If the above operations are shown as factors, the factors will be as shown in FIG. 6, FIG. 7, and FIG. 8.

As described above, one motor 60 is rotated in the normal direction.

By reversing the rotation, the transfer bar 3 can be moved up, forward, down, and back to convey the workpiece A. Since there is no need for ON-OFF control such as an electromagnetic clutch, the cost is reduced, and the transfer bar 3 The transport operation time can be shortened by increasing the raising and lowering speed of the robot.

According to the embodiment, the long groove 17 is also
The rubber 20 can be reliably fitted, and the operations of starting and finishing the forward movement and starting and finishing the backward movement become smooth.

In addition, the camshaft 40 of the vertical operation mechanism C and the rotary shaft 8 of the reciprocating mechanism B are interlocked.

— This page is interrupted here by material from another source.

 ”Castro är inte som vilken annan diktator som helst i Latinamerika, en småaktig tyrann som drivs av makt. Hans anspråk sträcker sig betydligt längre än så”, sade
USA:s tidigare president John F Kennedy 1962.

Each movement continues smoothly and there are no gaps between each movement.

In addition, a cam 41 is used in the vertical operation mechanism C, and it can operate smoothly at any acceleration or deceleration. ) The present invention is as described above, and it is possible to correctly raise the transfer bar 3 with one driving source.
It can move forward, downward, and backward, and has a simple structure and low cost, and can shorten the transport operation time by increasing the ascending and descending speeds.

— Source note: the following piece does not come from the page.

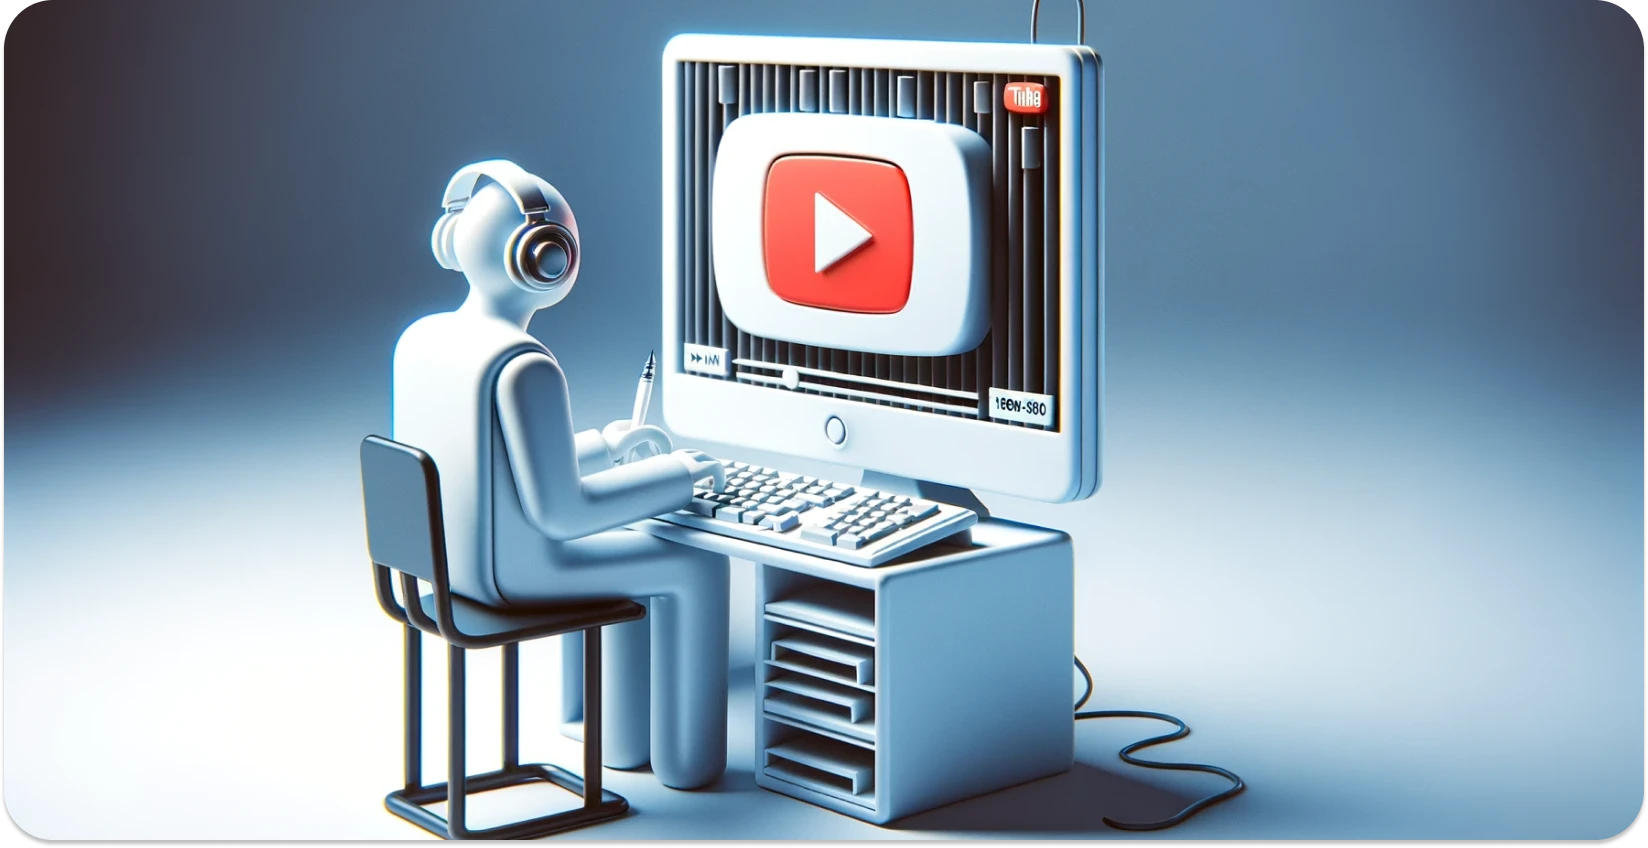 Stilizirana ilustracija osobe koja koristi računalo s YouTube sučeljem, usredotočujući se na transkripciju.

[Brief explanation of drawings]

The drawings show an embodiment of the present invention; FIG. 1 is an overall front view, FIG. 2 is a front view of the reciprocating mechanism, and FIG. 3 is a second view of the reciprocating mechanism.
Figure 4 is a front view of the vertical operation mechanism,
Figure 5 is an explanatory diagram of the power transmission system, and Figures 6, 7,
FIG. 8 shows factors showing each operation. 2 is a conveyance table, 3 is a transfer bar, B is a forward and backward operation mechanism, C is a vertical operation mechanism, 14 is a wheel, 17 is a long groove, 1
8 is a rotating shaft, 19 is an arm, 40 is a camshaft, 41 is a cam, 42 is a link, 6° is a drive source, and 63 is a one-sided clutch.

Claims (1)

[Claims] The transfer bar 3 is mounted on the conveyor table 2 so that it can move vertically and reciprocally, and the transfer bar 3 is moved to the reciprocating mechanism B.
In the workpiece conveyance device connected to the vertical movement mechanism C, an arm 19 provided on the rotating shaft 18 can be freely fitted into and removed from the long groove 17 in the radial direction of the wheel 4, and the wheel 14 is rotated. A reciprocating mechanism B is constructed by connecting to the transfer bar 3 through a means for converting the reciprocating motion, and a cam 41 mounted on a camshaft 40 is brought into contact with a swingable link 42, and the link 42 is It is connected to the transfer bar 3 via a means for converting a swinging motion into an up-and-down motion to constitute a vertical operation mechanism C, and the core camshaft 40 and the rotating shaft 18 are connected via a one-way clutch 63. A workpiece conveyance device characterized in that the rotating shaft 18 is connected to a drive source 60.